Vaginal Hysterectomy and Repair

The uterus (also known as the womb) is a pear shaped organ that sits between the bladder and the rectum (back passage).

From puberty, every 26 to 30 days the uterus begins a menstrual cycle, during which time the uterus prepares itself to receive and nourish a fertilised egg (ovum). If the egg is not fertilised, then the thickened lining of the uterus sheds as a period (menstrual bleeding). If the egg is fertilised, then the cycle changes. Periods stop and the uterus grows to provide nourishment and support for the growing baby until birth.

The uterus, tubes and ovaries

The most common conditions of the uterus, for having a hysterectomy are:

  • Uterine disease.
  • Diseases of tubes and ovaries.
  • As part of the treatment for a prolapse.
  • Bleeding not controlled by conservative treatment.

The operation

Vaginal Hysterectomy

Removal of the uterus through the vagina. The vagina is stitched from below and there is no cut in the abdomen.

Sometimes, a laparoscope (telescope type of instrument) is also used. The surgeon will discuss this with you.

The surgeon will discuss with you the best surgery for your condition. You may need removal of one or both ovaries, but this depends on the reason for your hysterectomy, your age and their condition in relation to disease.

Vaginal Repair

There are many different techniques used for management of female incontinence. Ask your doctor to describe which operation you are having and the risks and outcomes of those risk

Benefits of having the surgery

The decision to have a hysterectomy depends on the type of problems you are having and how bad they are. It also depends on whether you need major surgery to make your life better or, if you have a life threatening illness, to prolong your life. You need to discuss this with your surgeon.

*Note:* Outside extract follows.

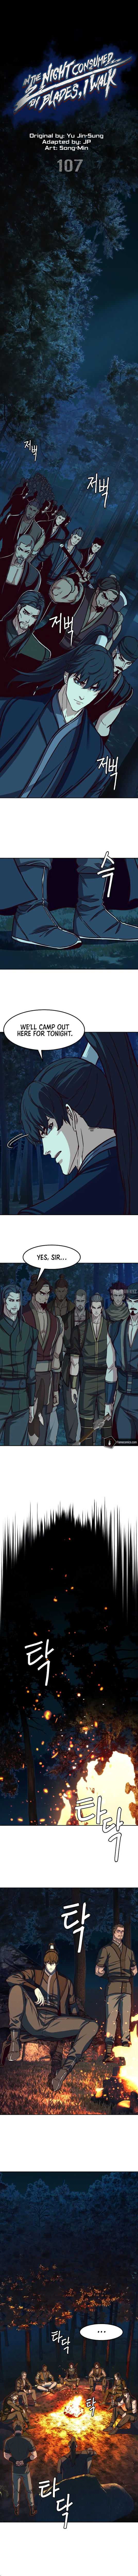 Sword Fanatic Wanders Through The Night - Chapter 107 Page 2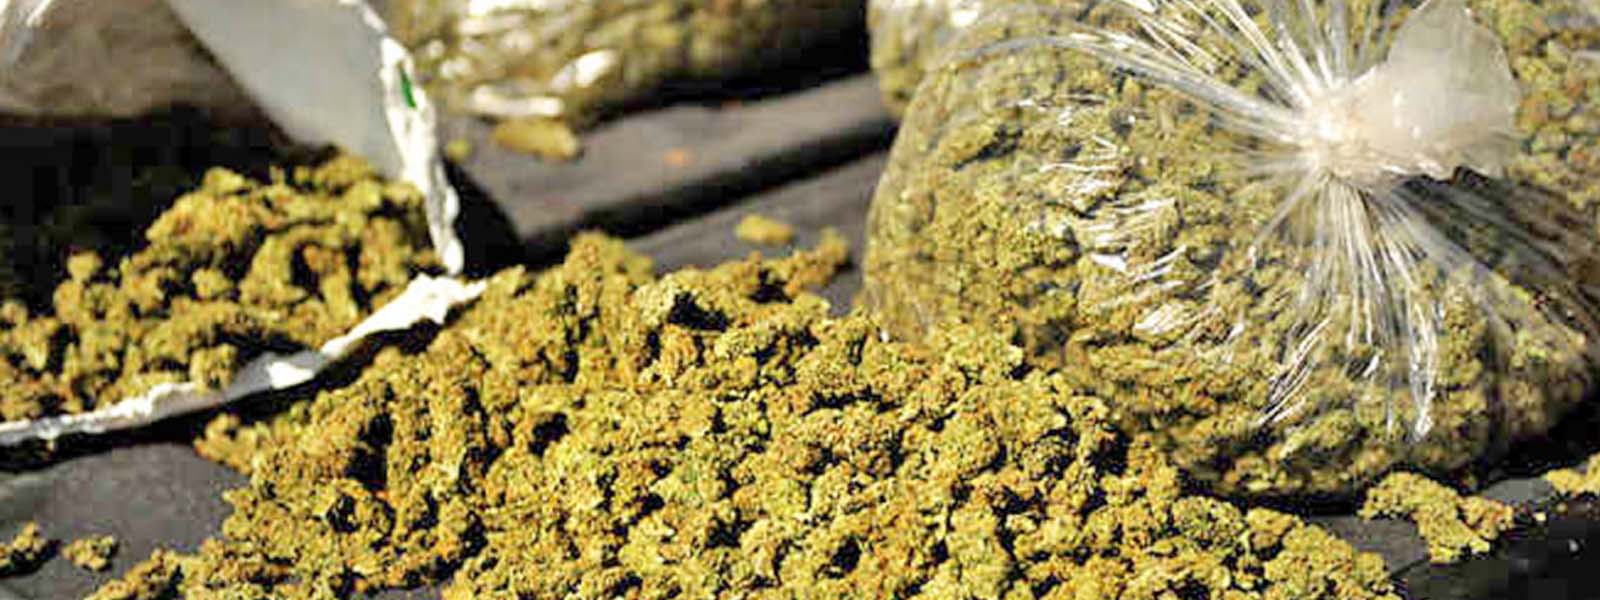 Suspect arrested in Mt Lavinia with 18 kg of ganja

Risks of not having the procedure

This depends on the reason for the surgery:

  • For prolonged bleeding, you may develop anaemia, which may need blood transfusions, and continued problems with heavy and irregular periods.
  • If you have a prolapse, the uterus can drop down into the vagina and even outside the vagina where it can develop ulcers and cause considerable pain and discomfort.
  • If you have a suspected tumour, then possible spread of tumour may result.

Condition and procedure

The doctor has explained that I have the following condition: (Doctor to document in patient’s own words)

The following procedure will be performed:

Removal of the uterus (womb) through the vagina and repair of any prolapse.

This involves a cut in the vagina in its top part and/or front and back walls.

A catheter is usually put into the bladder after the operation to drain the urine until healing has taken place. A pack may also be used.


See “About your anaesthetic” information sheet for information about the anaesthetic and the risks involved. If you have any concerns, talk these over with your anaesthetist.

If you have not been given an information sheet, please ask for one.

General risks of a procedure

They include:

Small areas of the lungs may collapse, increasing the risk of chest infection. This may need antibiotics and physiotherapy.

Clots in the legs with pain and swelling. Rarely part of this clot may break off and go to the lungs which can be fatal.

A heart attack because of strain on the heart or a stroke. − Death is possible but very rare due to the procedure.

Risks of this procedure

Below are listed some risks/ complications. See patient information sheet- “Hysterectomy” for more information about the consequences and frequency of the risks. If you have not been given an information sheet, please ask for one.

  • Severe bleeding from large blood vessels about the uterus.
  • Collection of blood clot at top of vagina (haematoma).
  • Infection in the operation site or pelvis or urinary tract.
  • Injury to other organs such as the ureter(s) (tube leading from kidney to bladder) bladder or bowel.
  • A connection (fistula) may develop between the vagina and other organs (bladder, bowel).
  • Bowel blockage after the operation.
  • Pain in the perineum, which can last for weeks after surgery.
  • Failure after vaginal repair ie. vaginal repair may not be successful, in the short or long term and may need later corrective surgery. This results in recurrence of the prolapse.
  • Occurrence of pain during sexual intercourse or altered sexual function after vaginal repair.
  • Change in bladder and bowel habits.
  • Feelings of depression and anxiety.
  • Onset of menopause in pre- menopausal women if both ovaries are removed.
  • Increased risk in obese people of wound infection, chest infection, heart and lung complications and thrombosis.
  • Increased risk in smokers of wound and chest infections, heart and lung complications and thrombosis.